Compare expression of 4 hub genes (all up-regulated) and 4 down-regulated DEGs between SBOT and SCA tissues in Oncomine database. Box plots derived from gene expression data in Oncomine database comparing expression of the hub DEGs (a) and down-regulated DEGs (b) in SBOT (light blue columns) and SCA tissues (dark blue columns). The X axis indicates tissue types. The Y axis represents normalized expression of mRNAs

Survival analysis for obtained hub DEGs with Kaplan–Meier plotter

According to our previous bioinformatics analyses and validation, the expression of 4 hub genes was up-regulated obviously in SCA, and the expression of another DEGs had trend of down-regulated in SCA. To explore the association of 4 hub genes (KIF11, CDC20, PBK, TOP2A) and 4 down-regulated DEGs (CDKN1A, PGR, LCN2 and CCNA1) expression with the prognosis of SCA, the survival curves were drawn using Kaplan-Meier plotter database. As show in Fig. 6, the high expression of KIF11, CDC20, PBK, TOP2A were associated with worse prognosis and the low expression of CDKN1A, PGR, LCN2 and CCNA1 were associated with worse prognosis. However, in SCA patients, the effect of PBK, LCN2 and CCNA1 expression on cancer progression was not statistically significant (p > 0.05). But on the basis of the figures, the 3 DEGs showed diverse survival times, statistical nonsense may on account of insufficient samples.

Fig. 6
figure6

Prognostic value of 4 hub genes (a, b, c, d) and 4 down-regulated DEGs (e, f, g, h) in ovarian cancer and SCA. Data were obtained from the Kaplan–Meier plotter database. The P value was calculated by a log-rank test. The version of the data collected in KM plotter was 2020.04.15 version

Discussion

Worldwide, approximately 295,400 women are diagnosed with ovarian cancer each year, and 184,800 are expected to succumb to the disease in 2018 [2, 3]. The case-to-fatality ratio of ovarian cancer is nearly three times that of breast cancer, and makes it the most deadly gynecologic malignancy in developed countries [28]. The vast majority of ovarian cancers are epithelial ovarian cancers which accounts for over 95% of the ovarian malignancies, and about 75% of epithelial ovarian cancers are serous type. Moreover, high-grade serous epithelial ovarian cancer is the most common subtype and accounts for up to 70% of all ovarian cancer cases [29], it is associated with worse outcomes including poor prognosis and a high risk of distant recurrence and death [30]. Hence, ovarian carcinomas of the serous histological type are an attractive target for early detection as they are rarely detected before they reach an advanced stage, when they are highly lethal. We know surprisingly little about the target for early detection of SCA. Consequently, there is an urgent need for diagnostic molecular features or biomarkers that can be associated with survival and disease recurrence in SCA.

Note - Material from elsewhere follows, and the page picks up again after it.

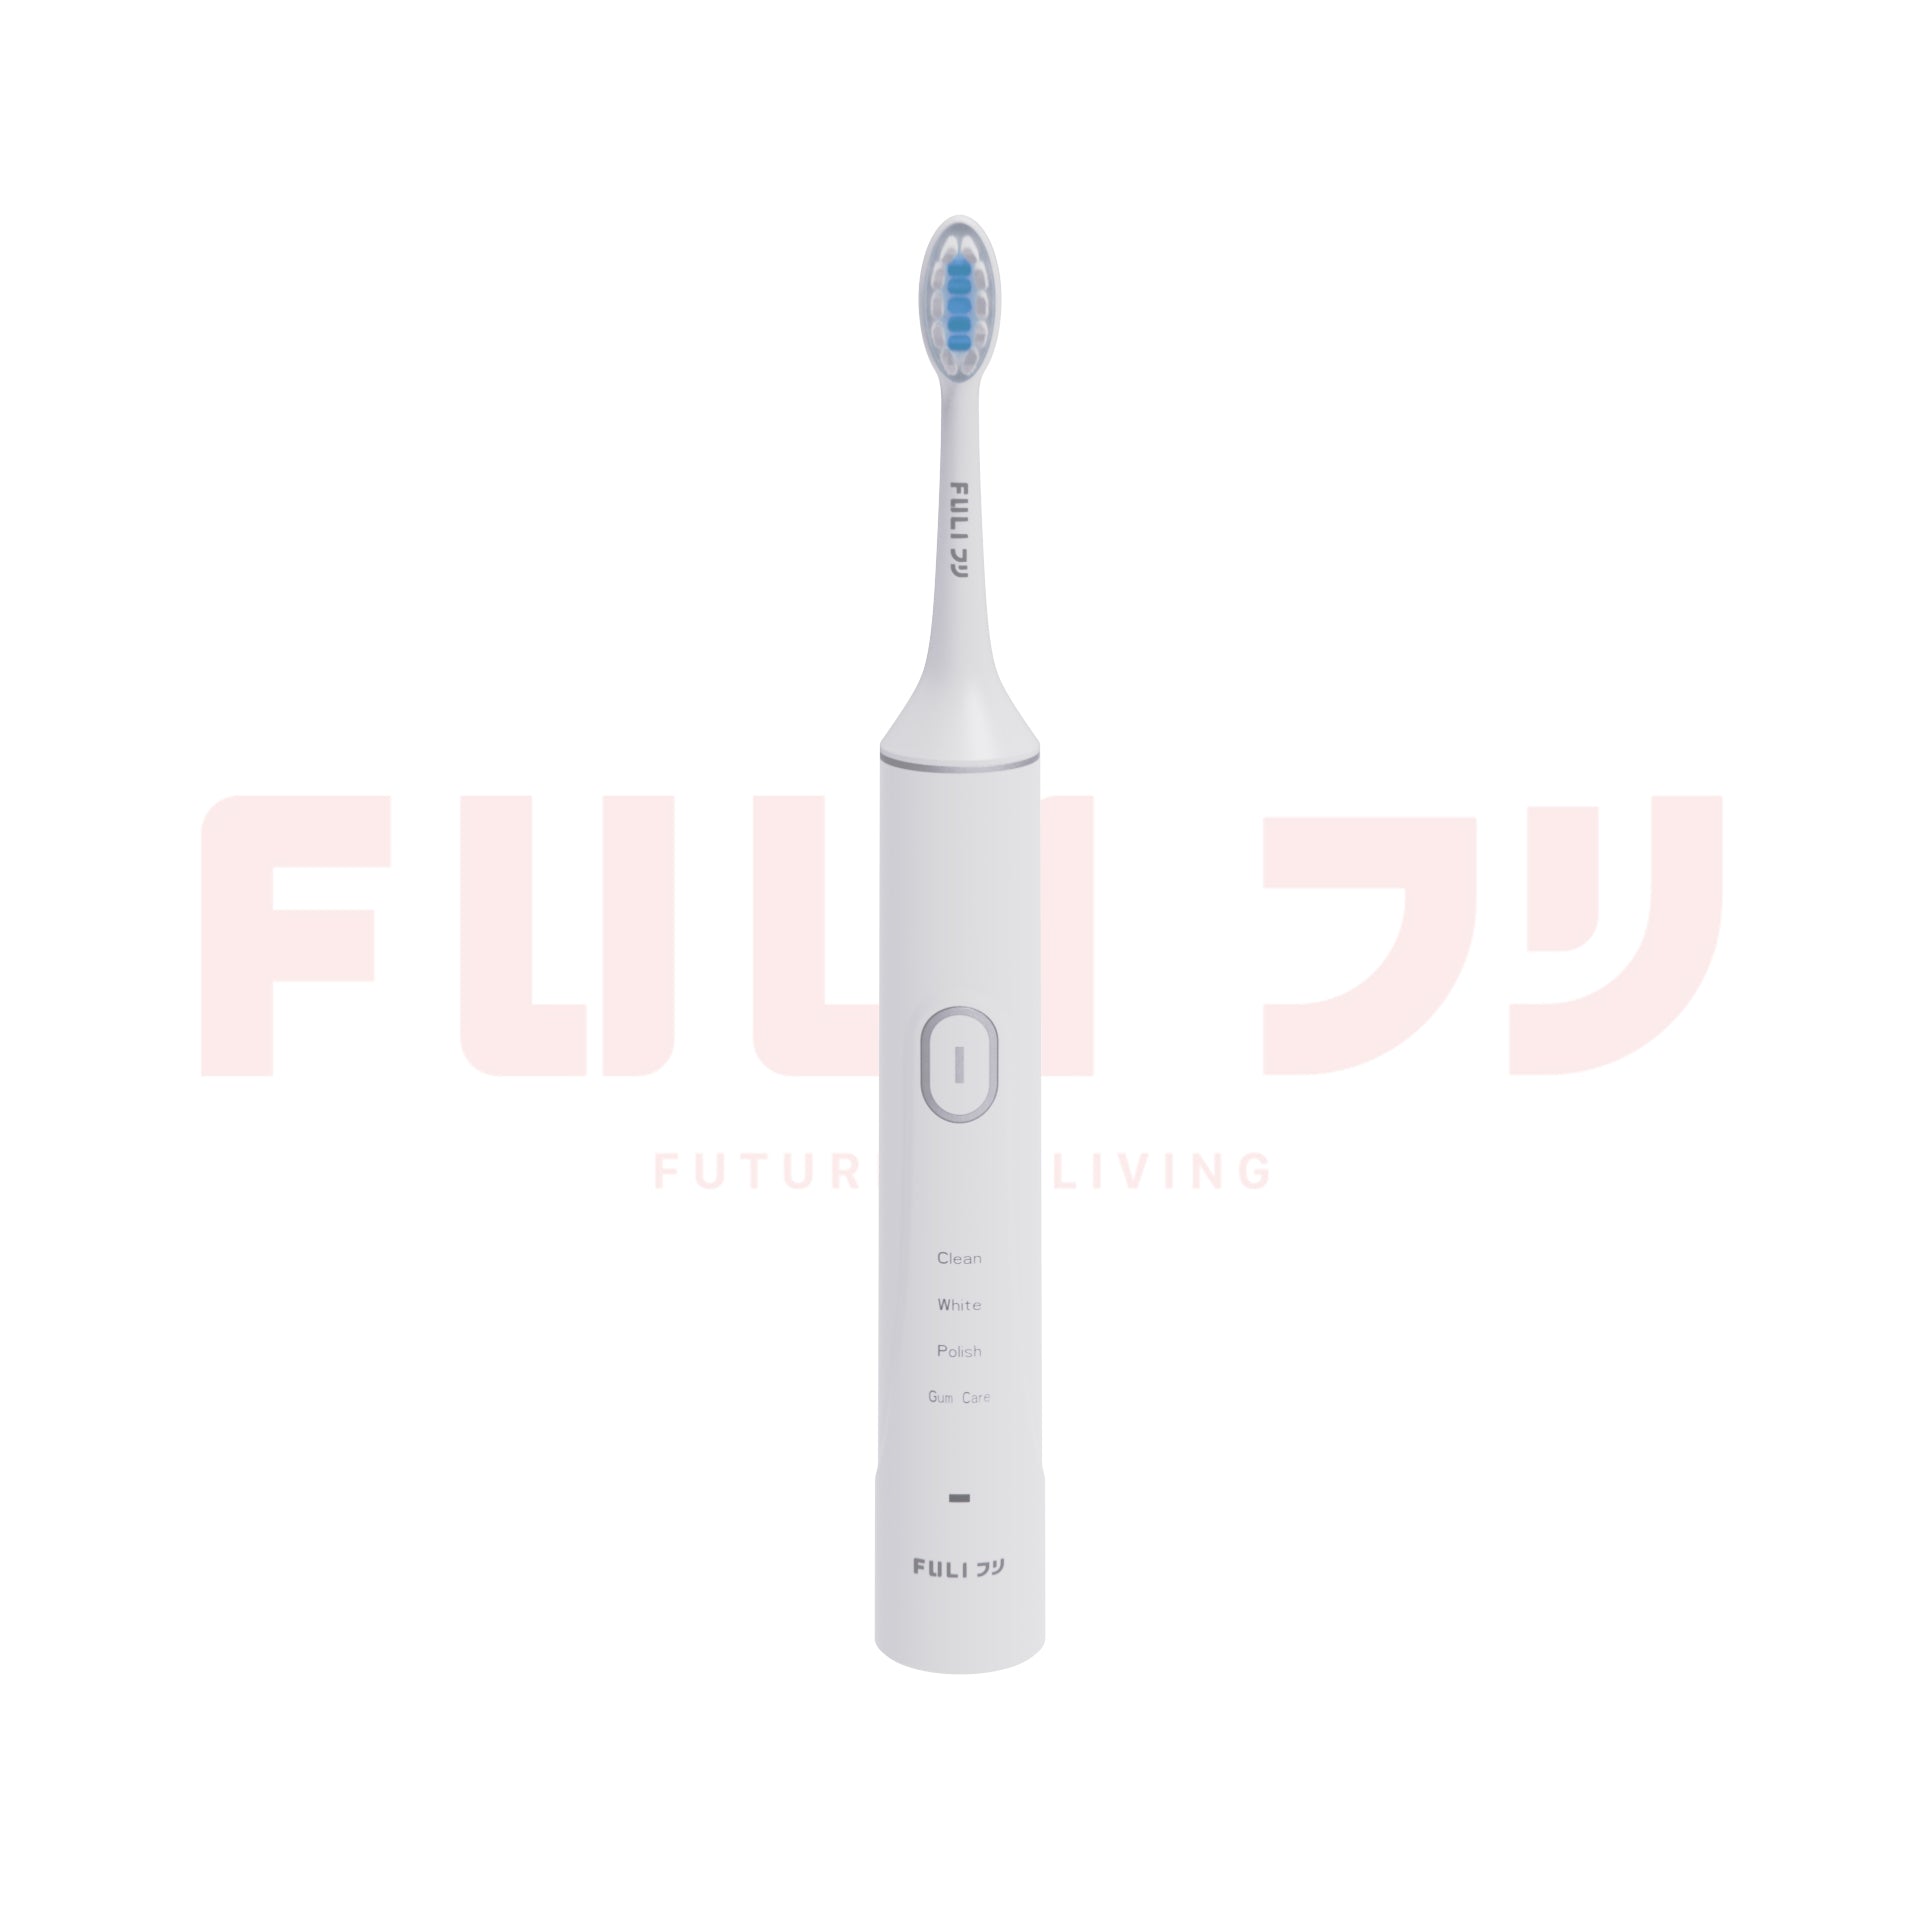 เซตReady to go FULI IONIC Styling Brush + LED Sonic Electric Toothbrush

A field which has recently contributed significantly to improved diagnostics, classification and prognostics is SCA transcriptomics microarray, a whole transcriptome high throughput sequencing and analysis technique which identifies changes in the RNA expression, is now being used to gain a more detailed understanding of the molecular mechanism of SCA [31]. Employ analysis of whole transcriptome sequencing results from different laboratories, statistical power increased and prediction is more accurate, moreover, bias of individual studies can be overcoming. In the current study, we focused on the aberrantly expressed mRNAs in SCA based on GEO RNA-seq data and the common DEGs that screened out from different researchers containing 89 samples were listed. There were 26 up-regulated DEGs and 33 down-regulated DEGs in SCA with the threshold of |log2FC| > 1.585 and P < 0.05.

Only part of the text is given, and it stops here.